To endeavor to raise funds for this mission through donations, membership fees, grants as authorized for exempt organizations under Section 509 of the Internal Revenue Code.
This site is dedicated to the lighthouse restoration and lighthouse preservation of the Punta Tuna lighthouse. This USCG Lighthouse is considered part of the National Park Service, as it is one of the Puerto Rico National Historic Lighthouses. It is known but many names including, Tuna Point lighthouse, Point Tuna lighthouse, Faro de Punta Tuna, and Maunabo lighthouse. The Point Tuna Lighthouse is located in Maunabo, Puerto Rico and this site contains, lighthouse pictures, lighthouse photos, lighthouse blueprints, lighthouse facts, lighthouse images from space, weather at the lighthouse, Maunabo weather and weather for all of Puerto Rico.
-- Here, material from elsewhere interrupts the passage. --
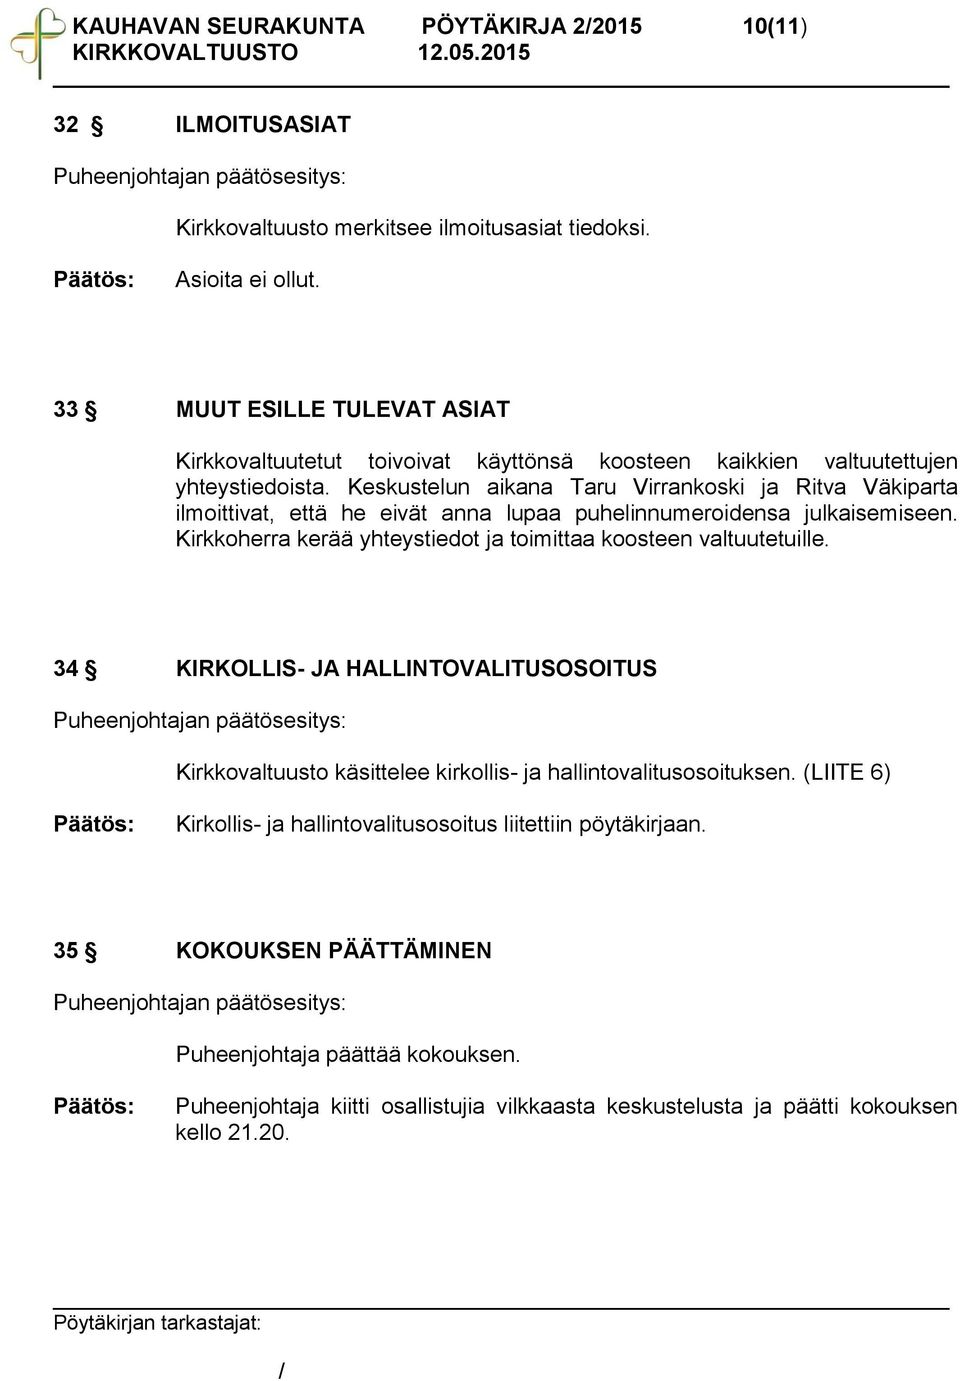 Keskustelun aikana Taru Virrankoski ja Ritva Väkiparta ilmoittivat, että he eivät anna lupaa puhelinnumeroidensa julkaisemiseen.

There is also detailed information, on the Maunabo Wetland area, and plans for the coastal security of the United States.
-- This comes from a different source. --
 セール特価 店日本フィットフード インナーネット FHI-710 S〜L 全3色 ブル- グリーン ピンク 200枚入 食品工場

America's maritime lighthouse heritage...
...is about the people and communities that built ships, shipped goods, sailed ships, kept lights, rescued wrecks, fished waters, and kept the sea lanes open
...is about the use of waterways for commerce, transportation, defense, and recreation
...is about the traditions and skills, arts and crafts, artifacts and documents, and buildings, structures, and vessels that reflect our past maritime endeavors
...is what we help to interpret and preserve
To view an example of the camera technology we are talking about go to the link below:
Imagine cameras all over the lighthouse property able to be controled from people all over the world. Giving millions of people the feeling as if they were standing right there. Able to turn and look around, to look out and see what someone standing right there would see.
George Van Parys has lived and worked on and off the island of Puerto Rico periodically since 1987. This is when he first visited and fell in love with the Punta Tuna lighthouse. Unfortunately in recent years he has watched the lighthouse deteriorate increasingly with the passage of time. In April 2006 on a visit to the lighthouse with his wife conditions were so bad he just exploded with emotion. He started writing to anyone and everyone he could think of to see what could be done because he knew something had to be done.
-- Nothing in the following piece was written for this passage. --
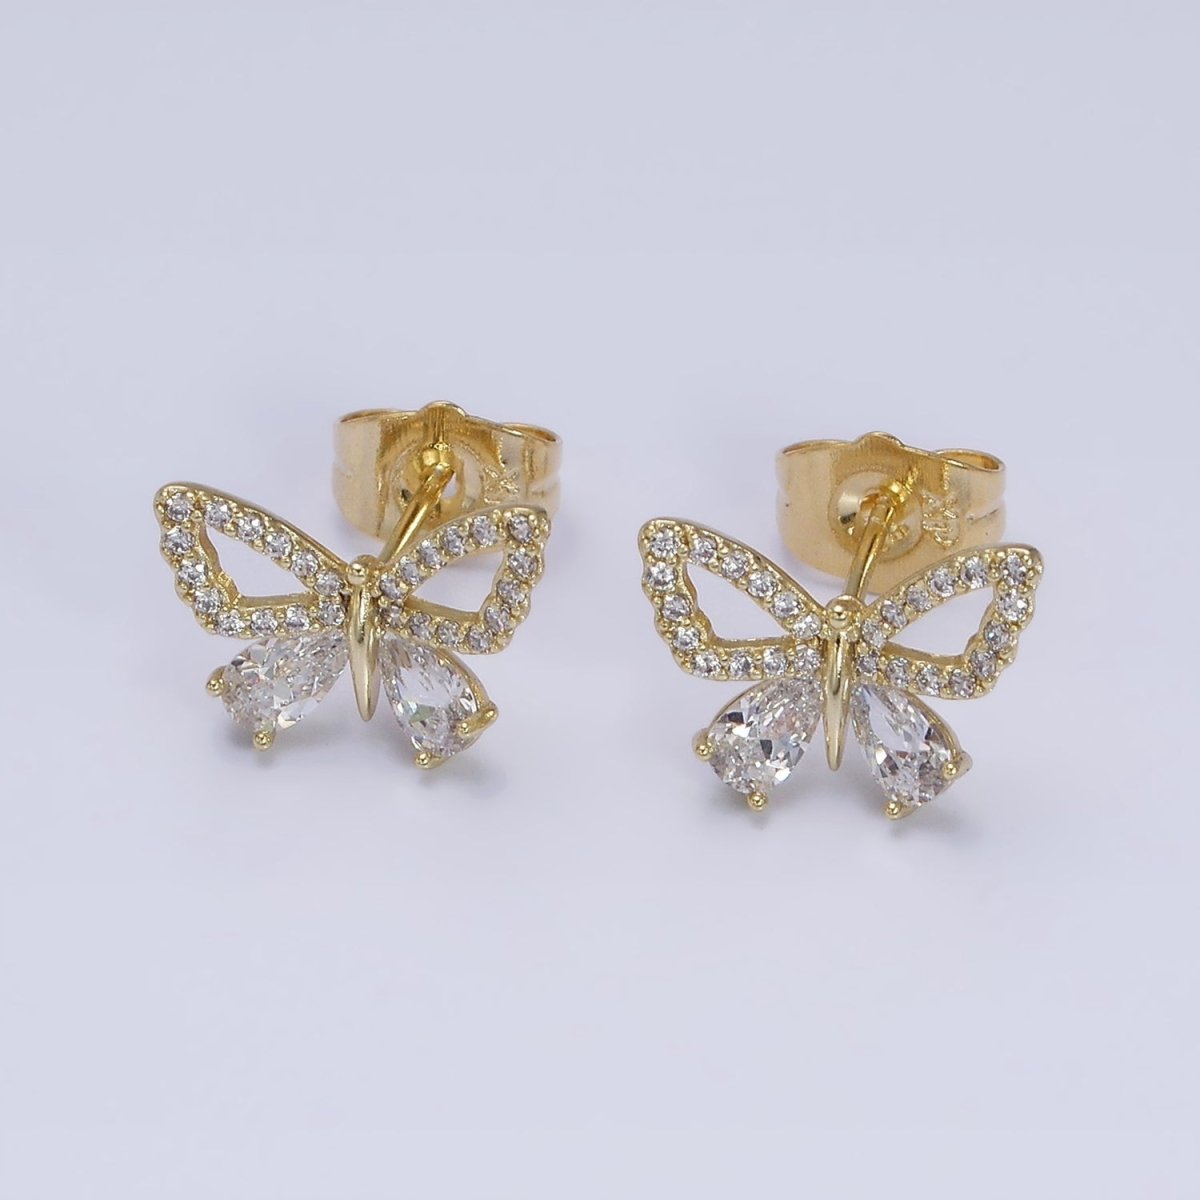 OS 14K Gold Filled CZ Teardrop Micro Paved Open Wings Butterfly Mariposa Stud Earrings | AD1456 - DLUXCA

The Lighthouse is located at the tip of land shown on this map at the end of Puerto Maunabo.
SAMPLE OF PAST LOCATIONS OF PROJECTS OF THE TPLI STAFF.
Large manufacturing plant Guayama, Puerto Rico. Plant built from the ground up and including installation and start up of all machinery. Plant won awards for highest level of automation on the island.
Large manufacturing plant Hammonton, New Jersey. Large additions put onto plant as well as many ground breaking installations of automation and inspection technology.
Large manufacturing plant Richmond, Virginia. Large additions put onto plant as well as many ground breaking installations of automation and inspection technology.
Large manufacturing plant Elkhart, Indiana. Test site for new packaging line designs and technology.
Large manufacturing plant Millville, New Jersey. Major rebuild to manufacturing and packaging machinery totaling over 70 million dollars. Cutting edge designs and technology utilized.
TPLI is always involved with new projects around the world dealing with cutting edge technology and advancements in processes and manufacturing. We have worked closely with many Government agencies and have many in-house capabilities. No project is to big or to small for us to handle.